● **WHAT YOU NEED TO DO**: Every line of the listing below must be printed again exactly, apart from its pictures.

● **INFORMATION PROVIDED**:
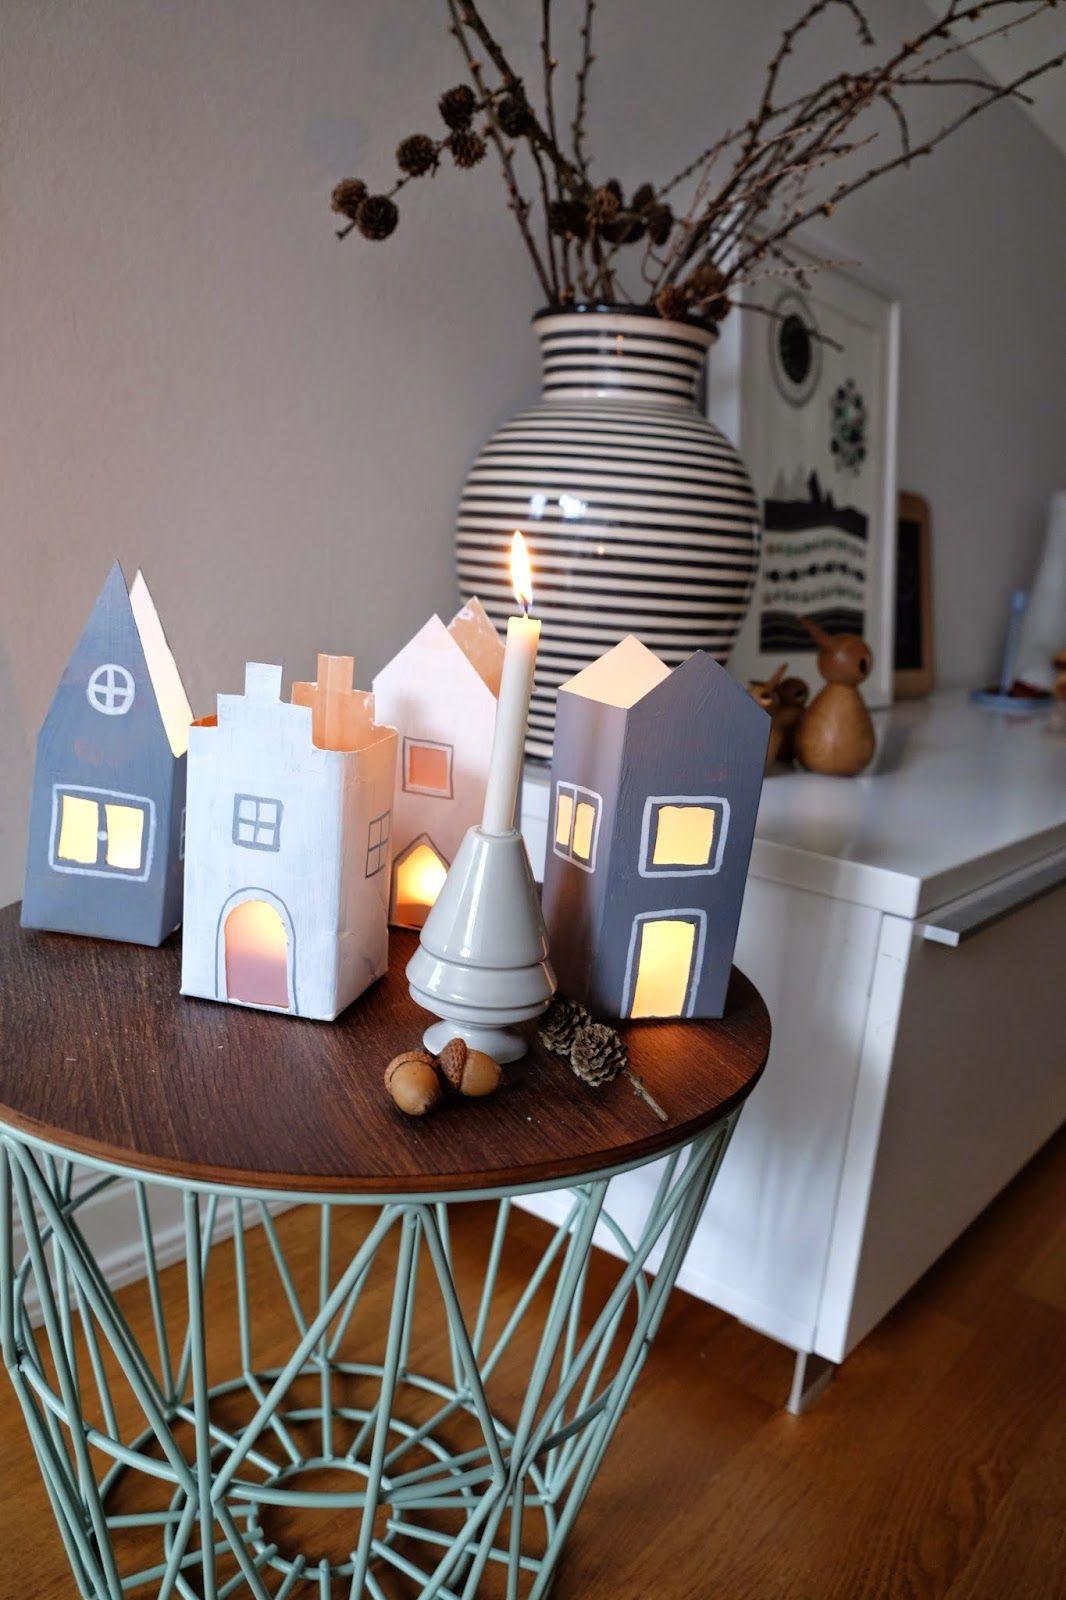 Hej hanse wochenwerk milchstra e deko winter weihnachten pinterest natal iluminaci n - Bistrogardine weihnachten ...
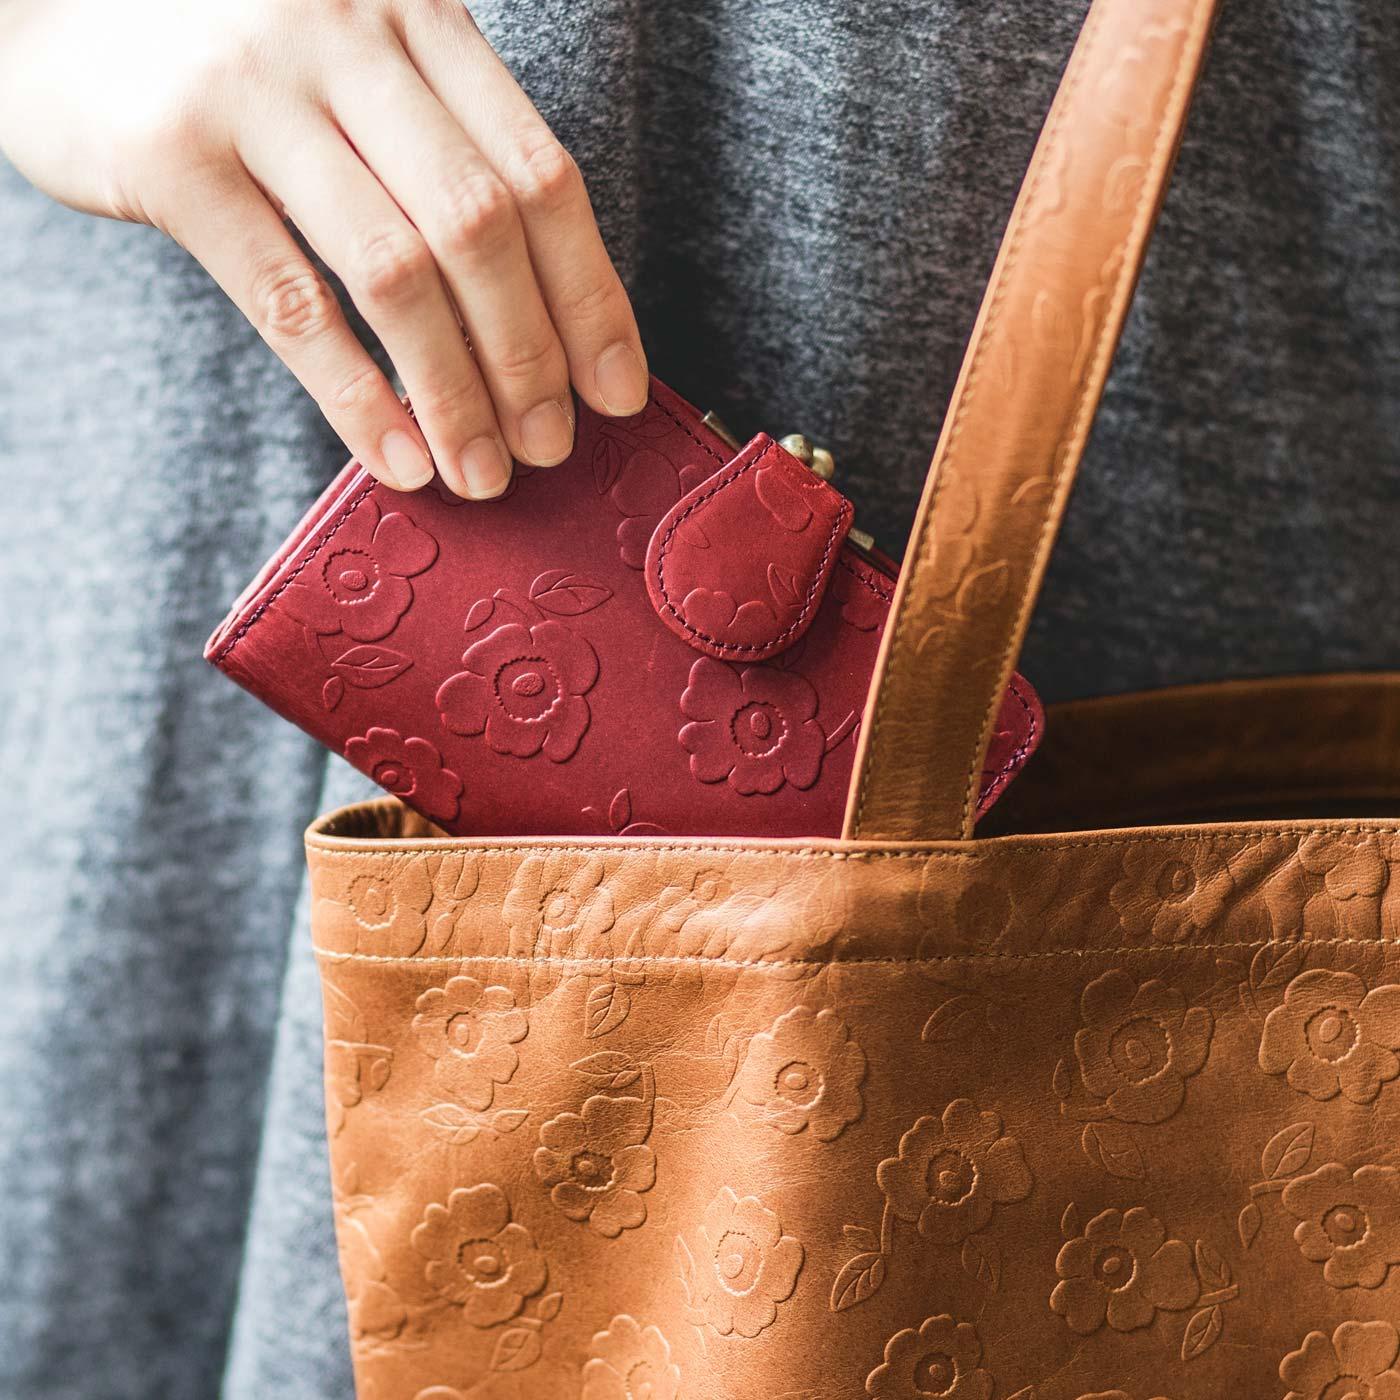 かさばらないコンパクトサイズ。トレンドの小さめバッグにもぴったり。
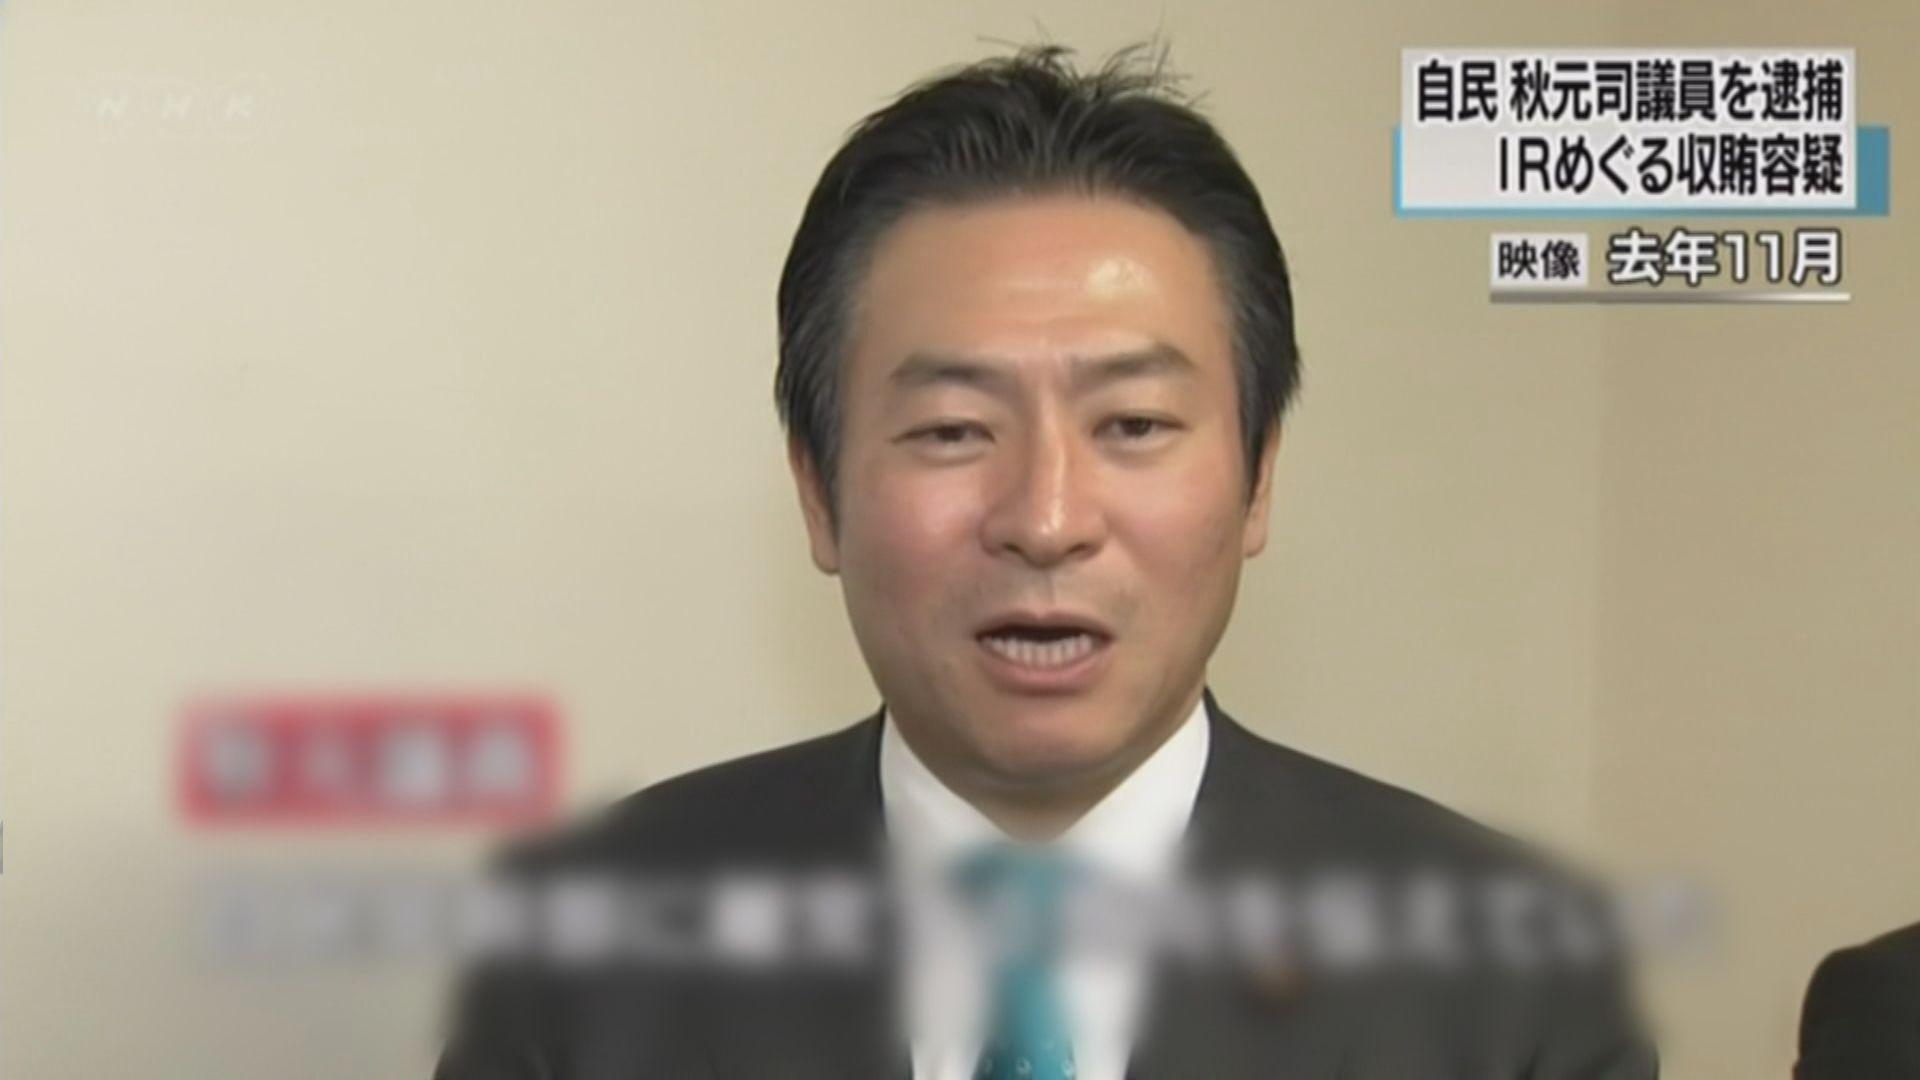 日本眾議員秋元司否認收受中國企業賄賂

● **WRITTEN ANSWER**:
 Hej hanse wochenwerk milchstra e deko winter weihnachten pinterest natal iluminaci n - Bistrogardine weihnachten ...
 かさばらないコンパクトサイズ。トレンドの小さめバッグにもぴったり。
 日本眾議員秋元司否認收受中國企業賄賂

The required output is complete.